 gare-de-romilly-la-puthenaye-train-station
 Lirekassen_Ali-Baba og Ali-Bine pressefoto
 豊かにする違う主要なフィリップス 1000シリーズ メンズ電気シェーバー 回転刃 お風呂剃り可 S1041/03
==
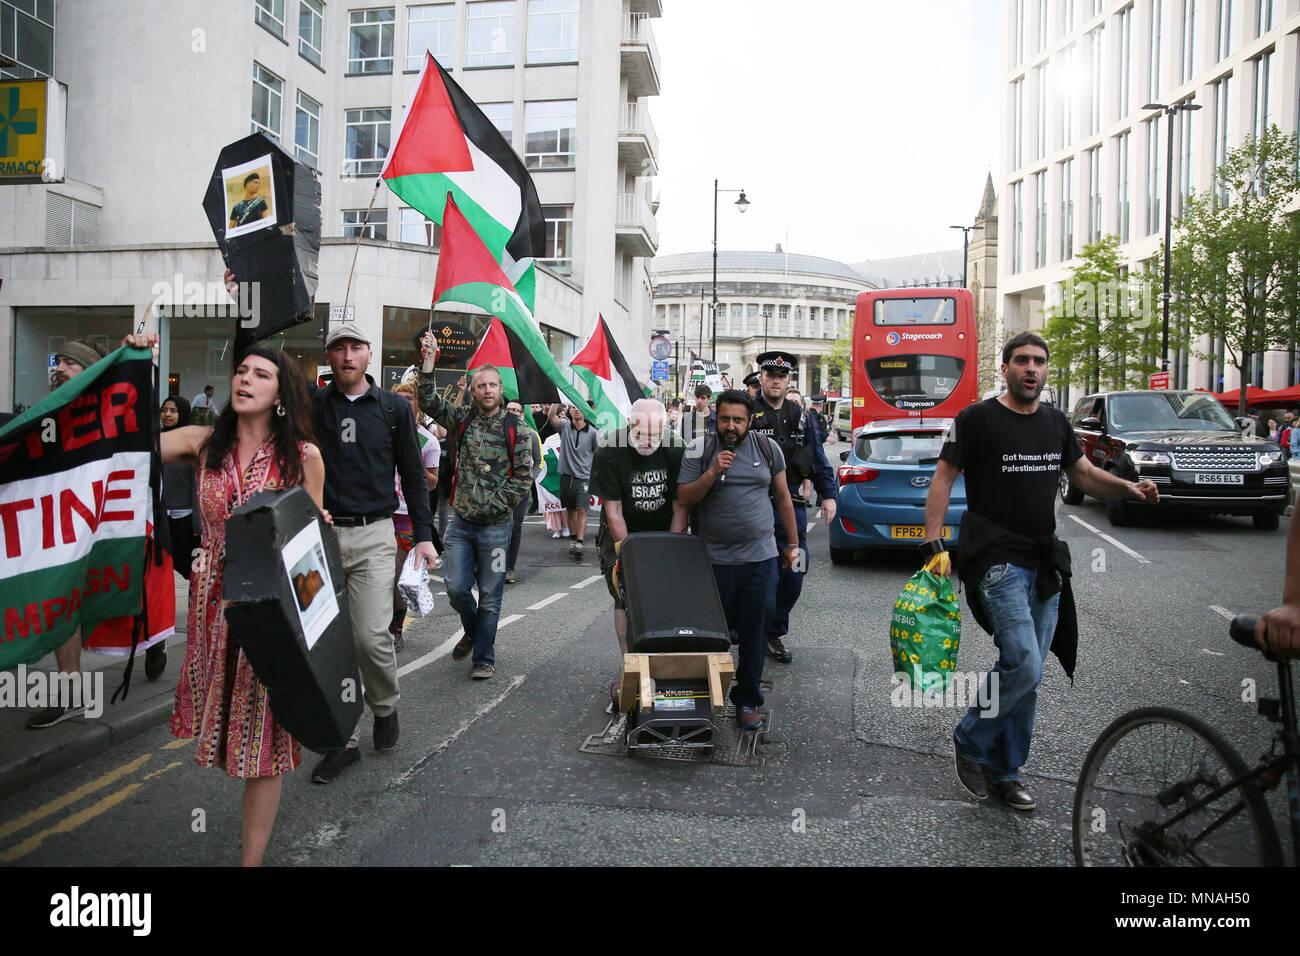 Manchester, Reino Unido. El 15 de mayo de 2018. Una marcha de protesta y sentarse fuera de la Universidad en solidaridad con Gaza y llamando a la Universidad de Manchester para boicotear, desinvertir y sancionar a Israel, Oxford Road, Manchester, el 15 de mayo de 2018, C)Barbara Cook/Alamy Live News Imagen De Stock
...
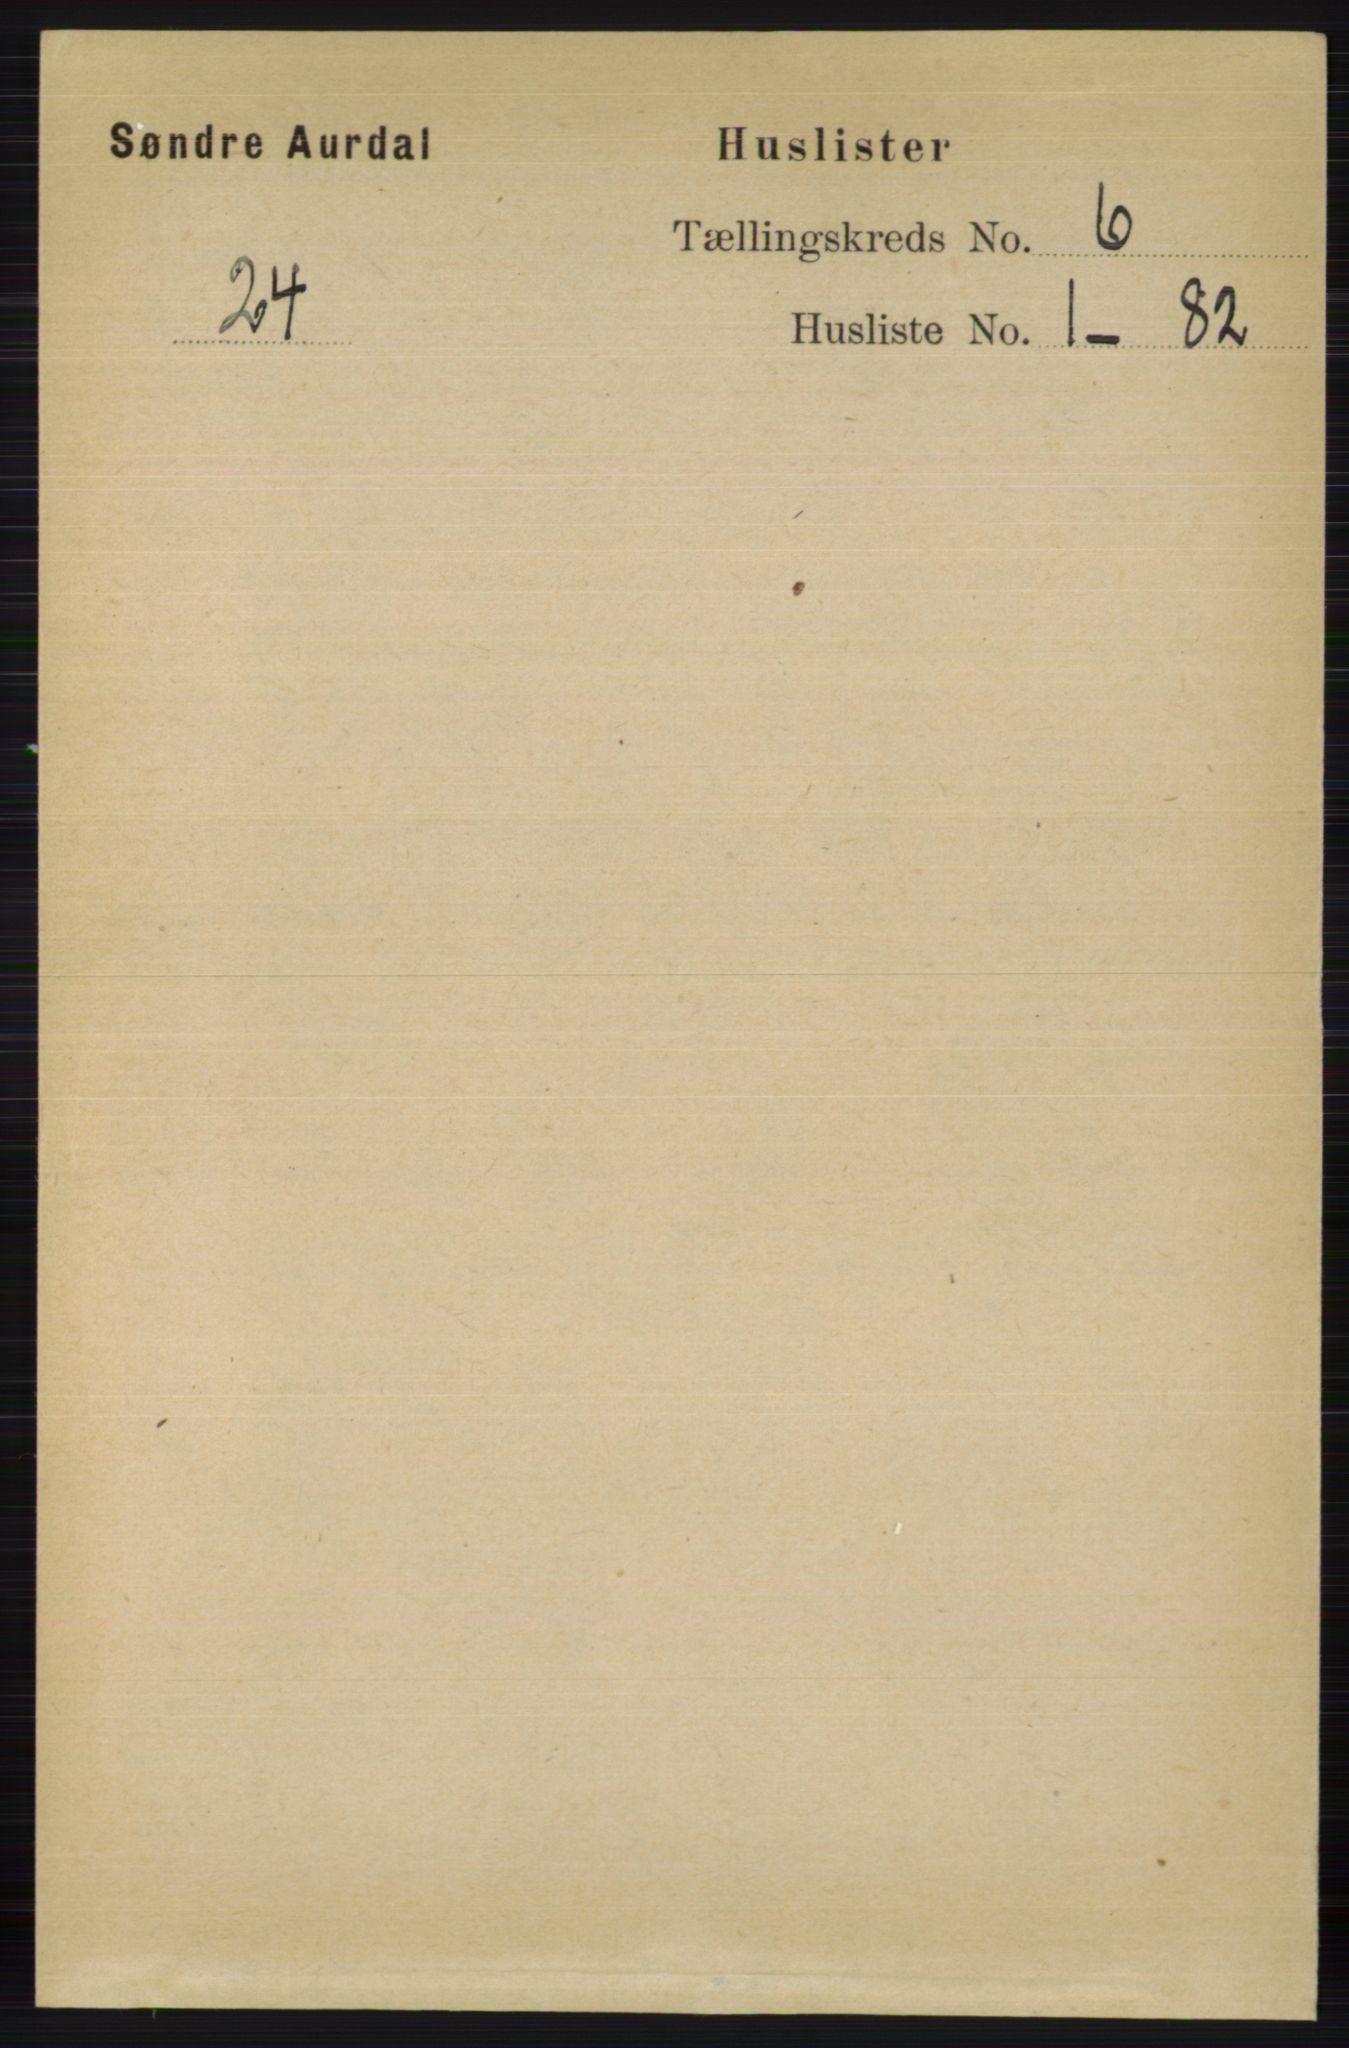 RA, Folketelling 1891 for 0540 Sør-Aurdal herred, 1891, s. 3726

» **TASK TO CARRY OUT**
Begin at the line that has "gare-de-romilly-la-puthenaye-train-station" in the entries above; stop after the line that has "豊かにする違う主要なフィリップス 1000シリーズ メンズ電気シェーバー". Transcribe exactly those lines and no others.

» **RESPONSE**
 gare-de-romilly-la-puthenaye-train-station
 Lirekassen_Ali-Baba og Ali-Bine pressefoto
 豊かにする違う主要なフィリップス 1000シリーズ メンズ電気シェーバー 回転刃 お風呂剃り可 S1041/03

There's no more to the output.